Your instructions = Skip the images. Copy the records exactly as written.

[Stored items from a collection]
---
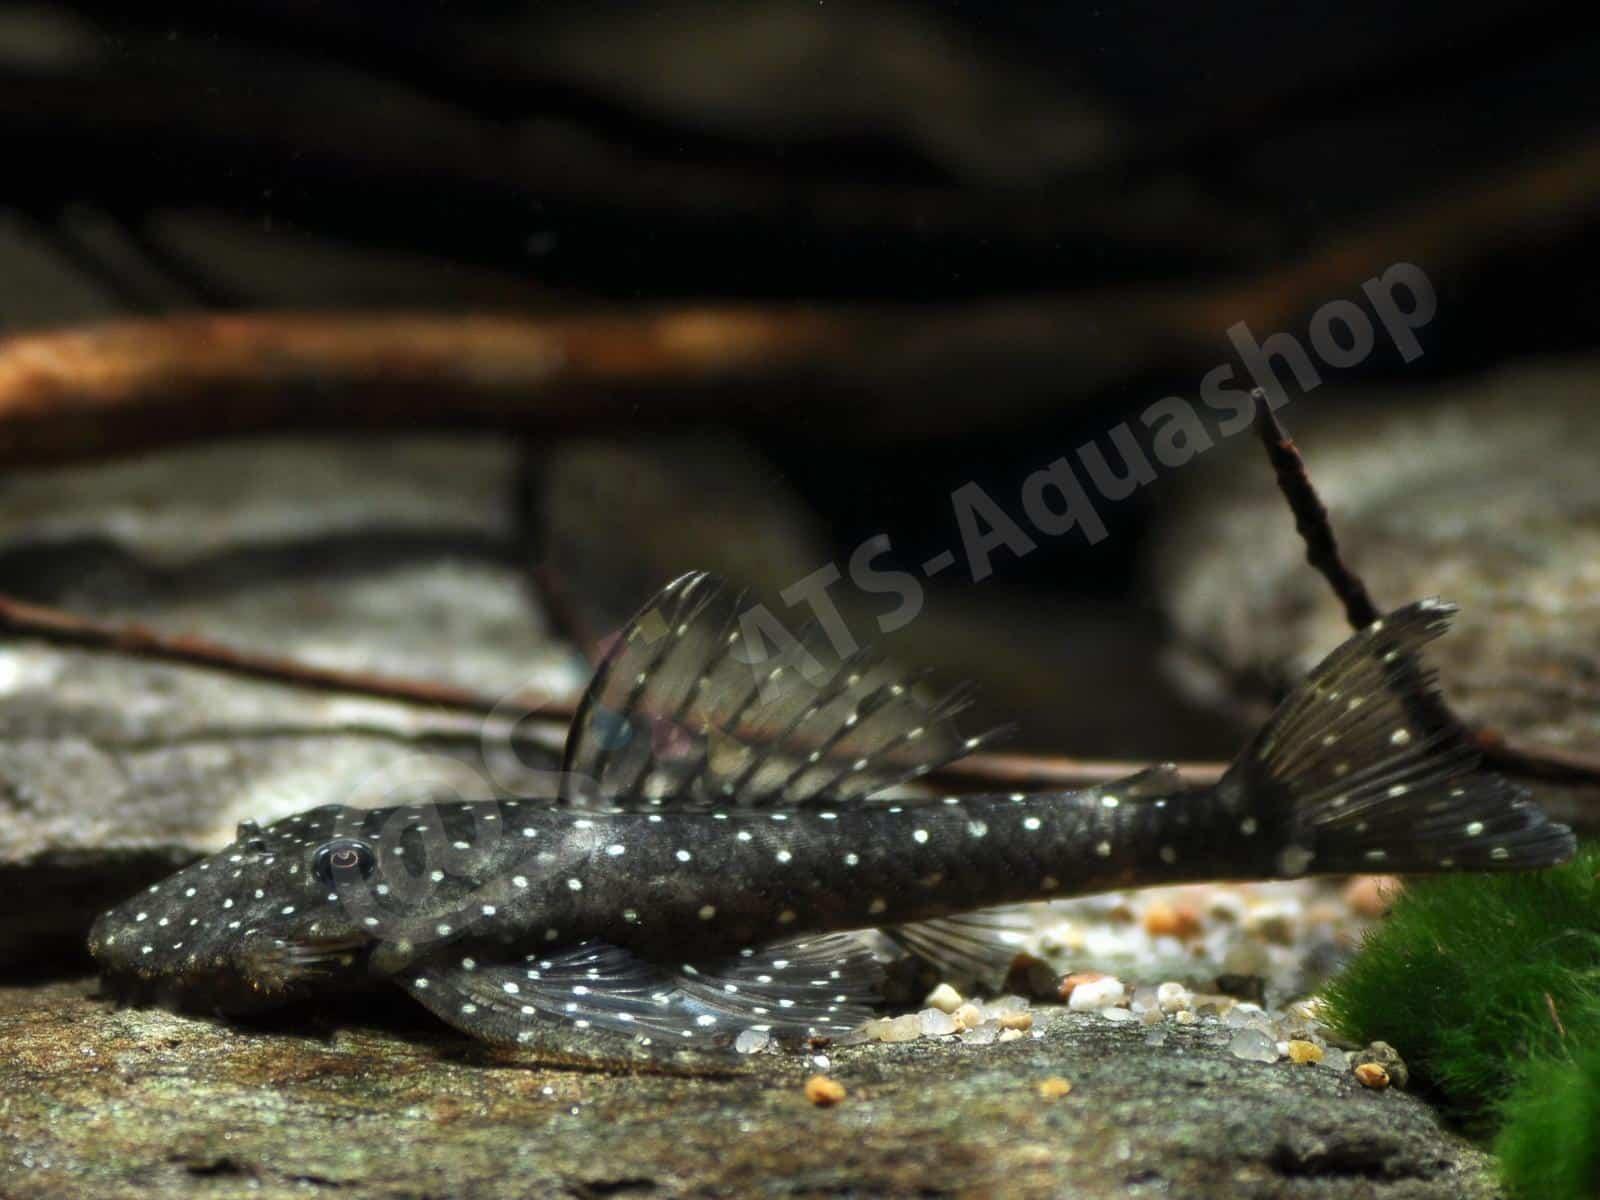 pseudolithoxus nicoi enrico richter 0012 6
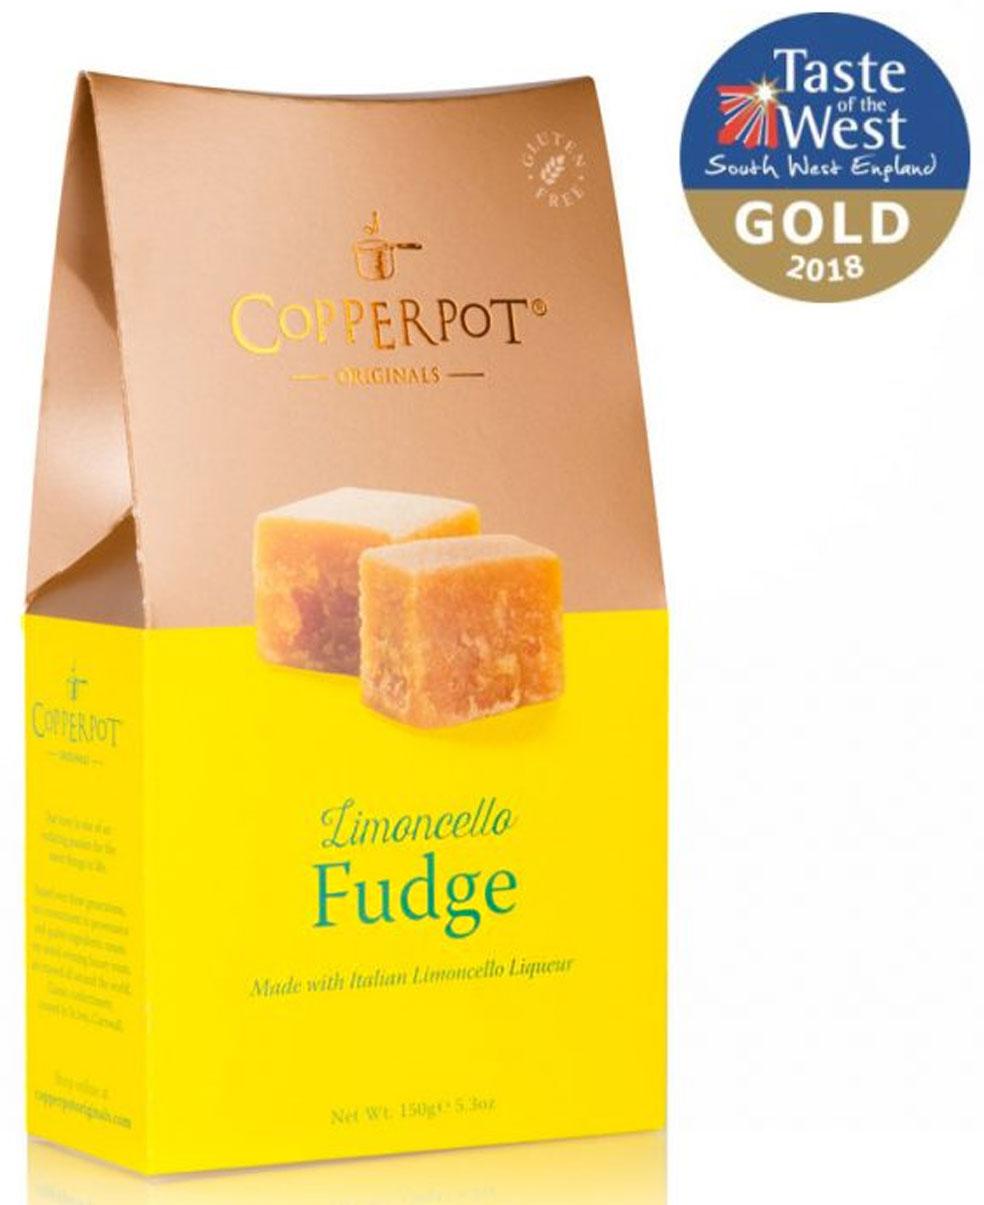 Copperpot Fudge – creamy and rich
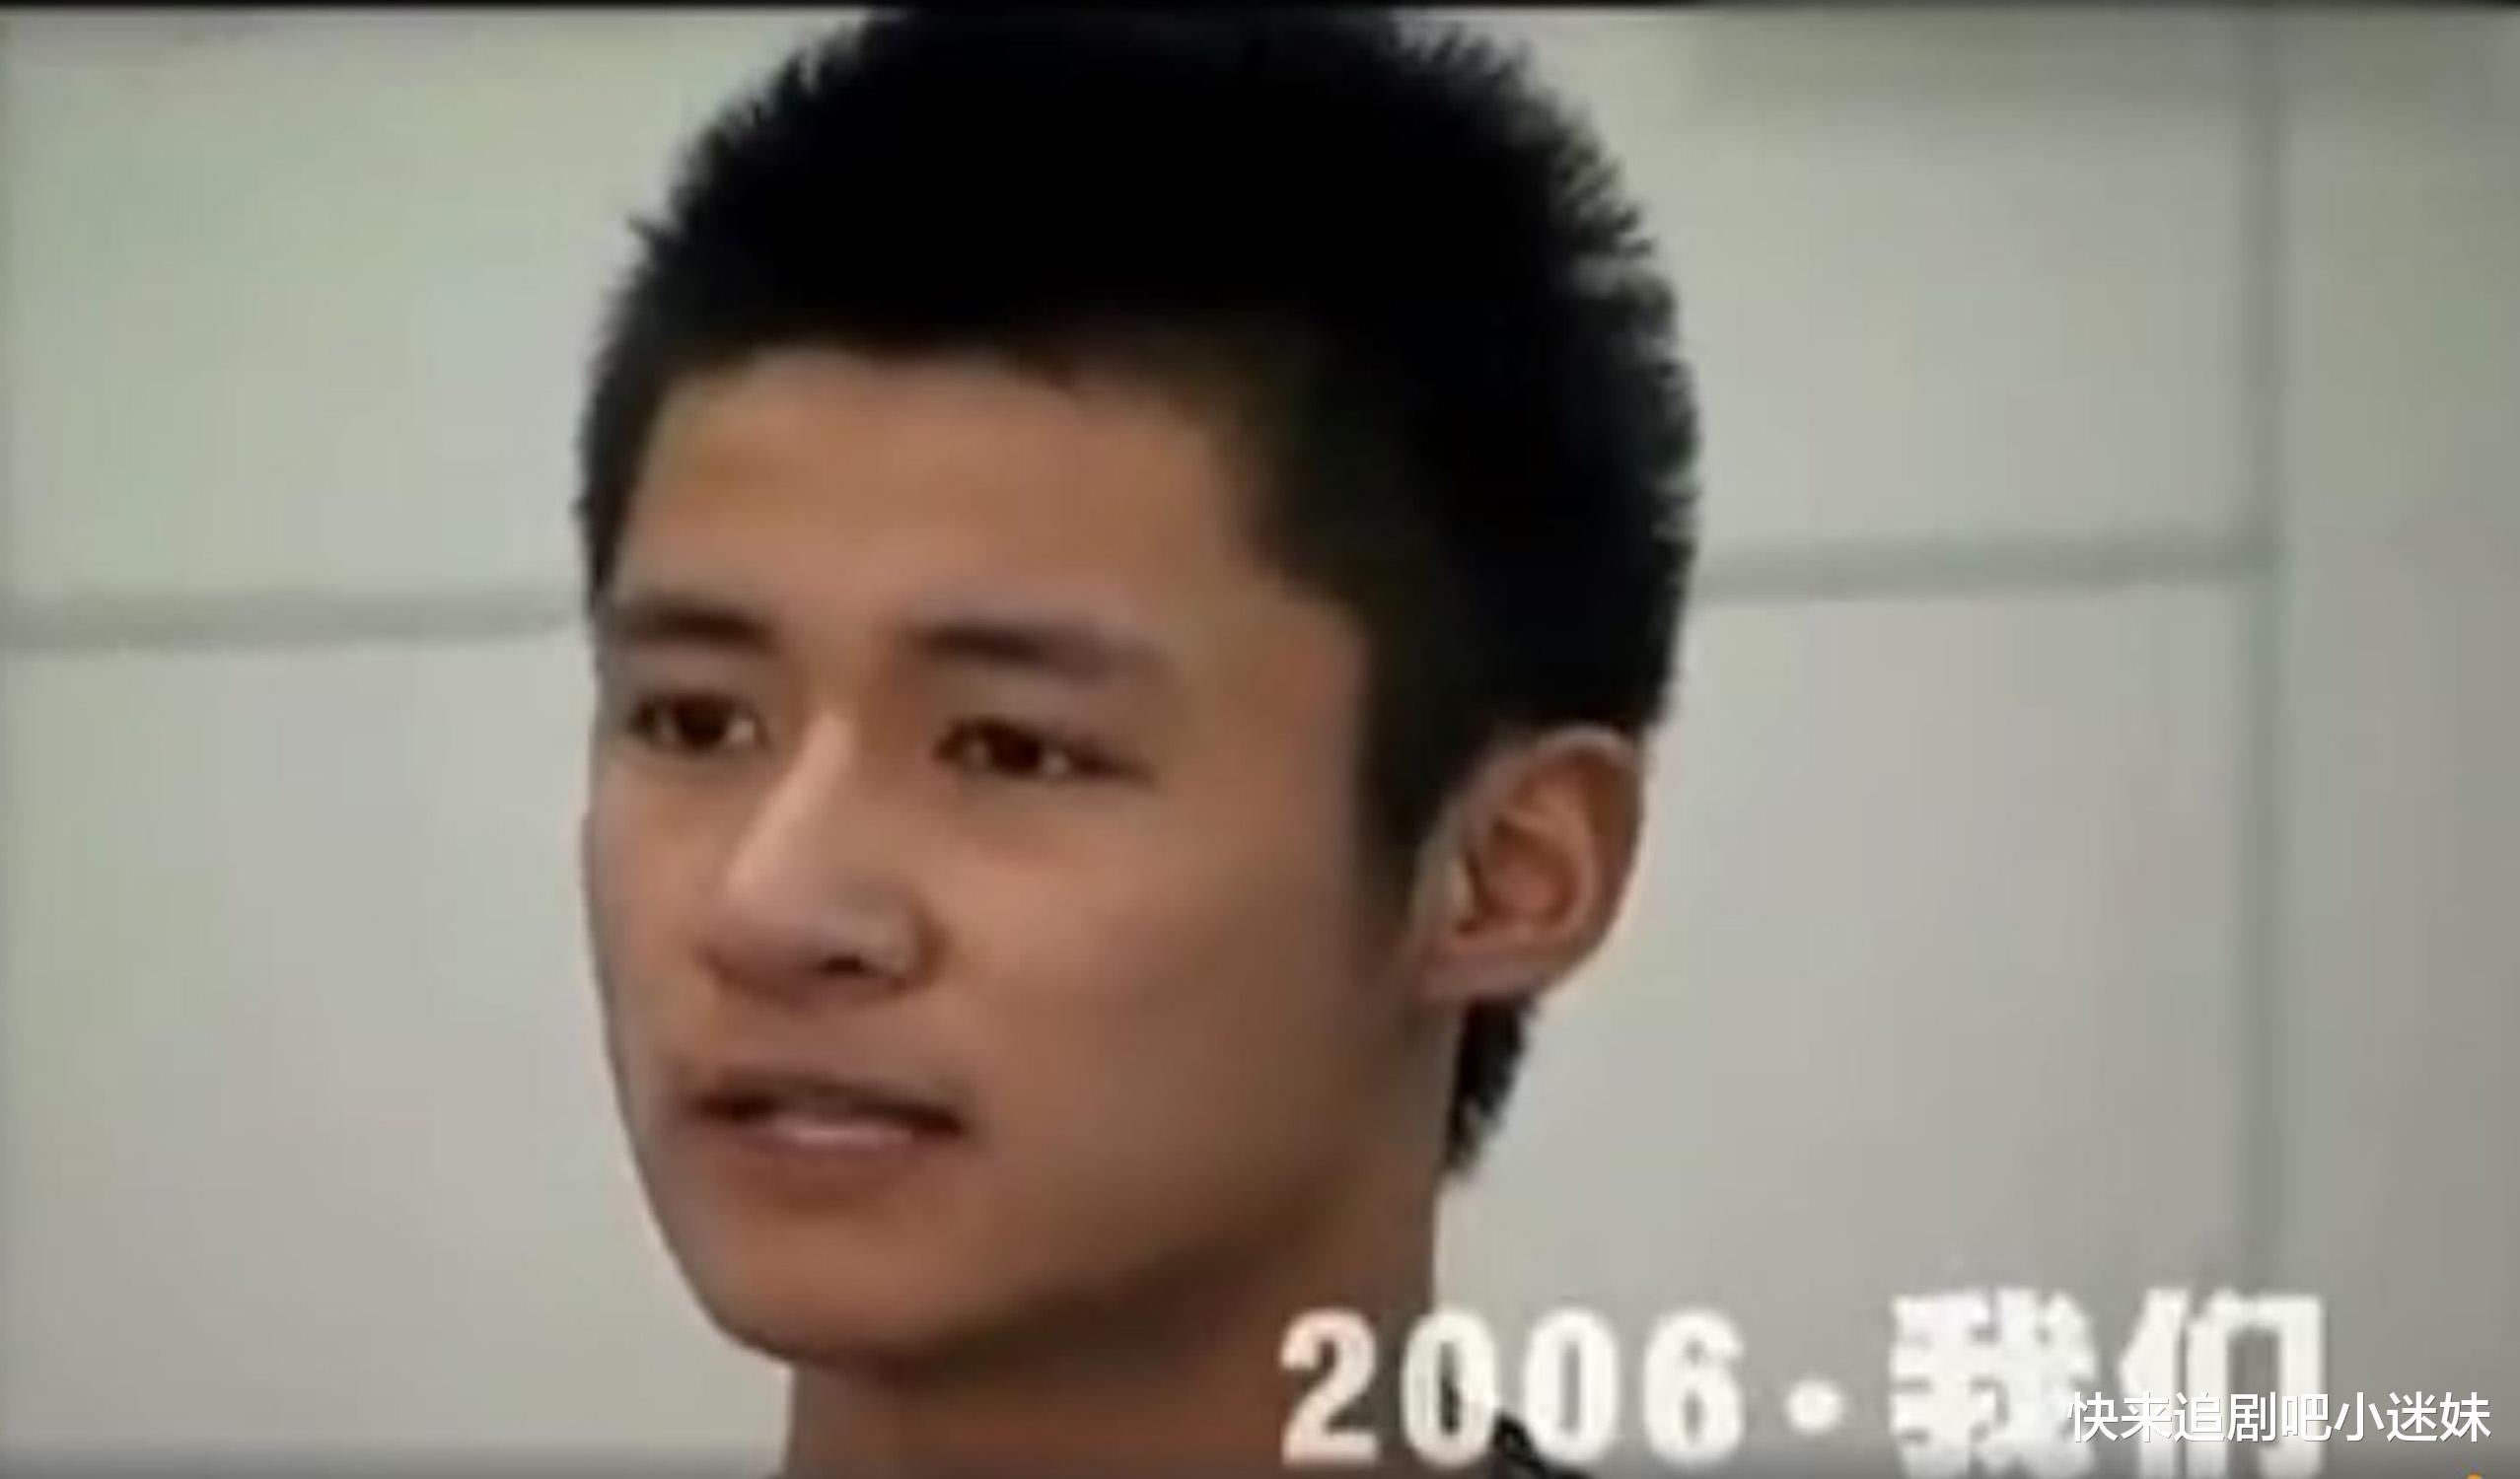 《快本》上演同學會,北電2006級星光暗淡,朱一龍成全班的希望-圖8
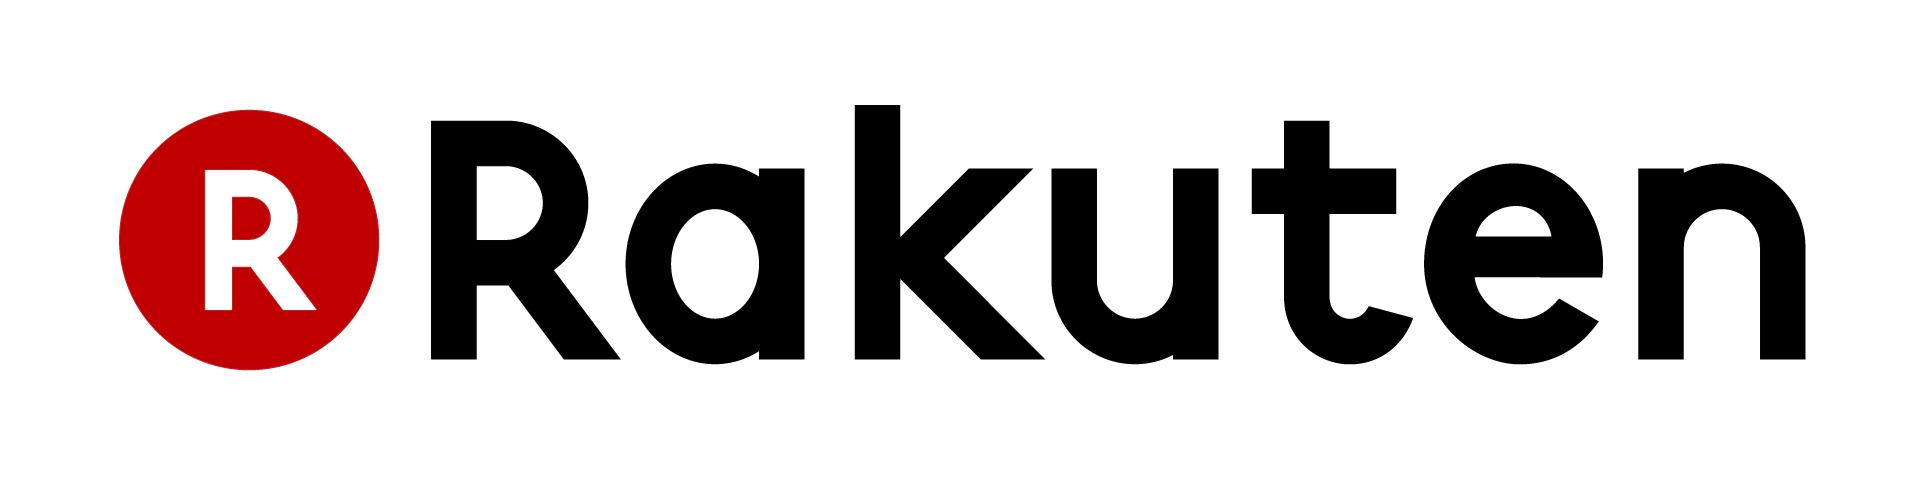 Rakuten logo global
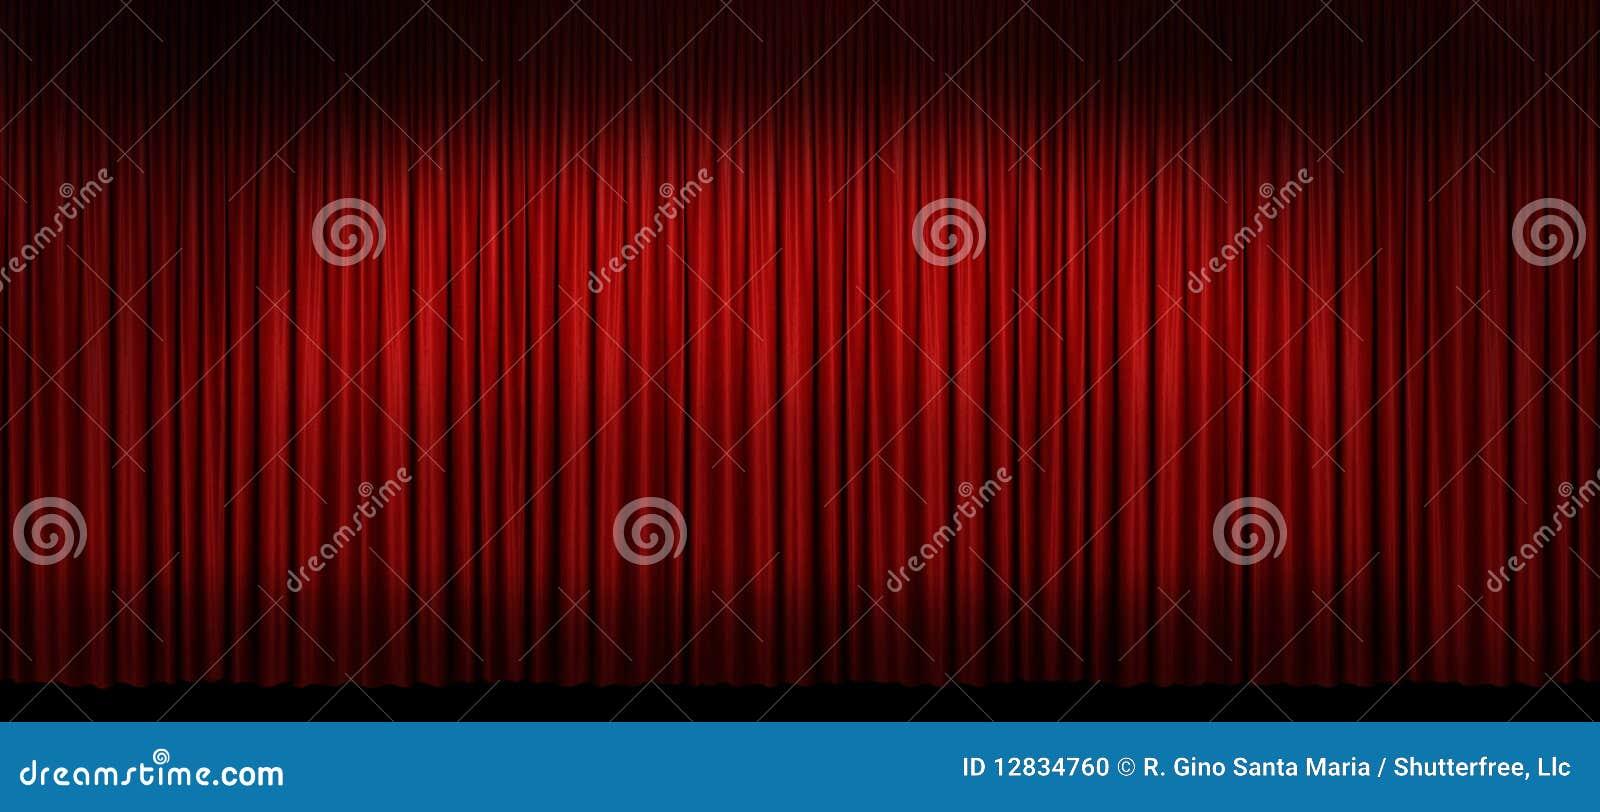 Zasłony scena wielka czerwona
---
Answer =
 pseudolithoxus nicoi enrico richter 0012 6
 Copperpot Fudge – creamy and rich
 《快本》上演同學會,北電2006級星光暗淡,朱一龍成全班的希望-圖8
 Rakuten logo global
 Zasłony scena wielka czerwona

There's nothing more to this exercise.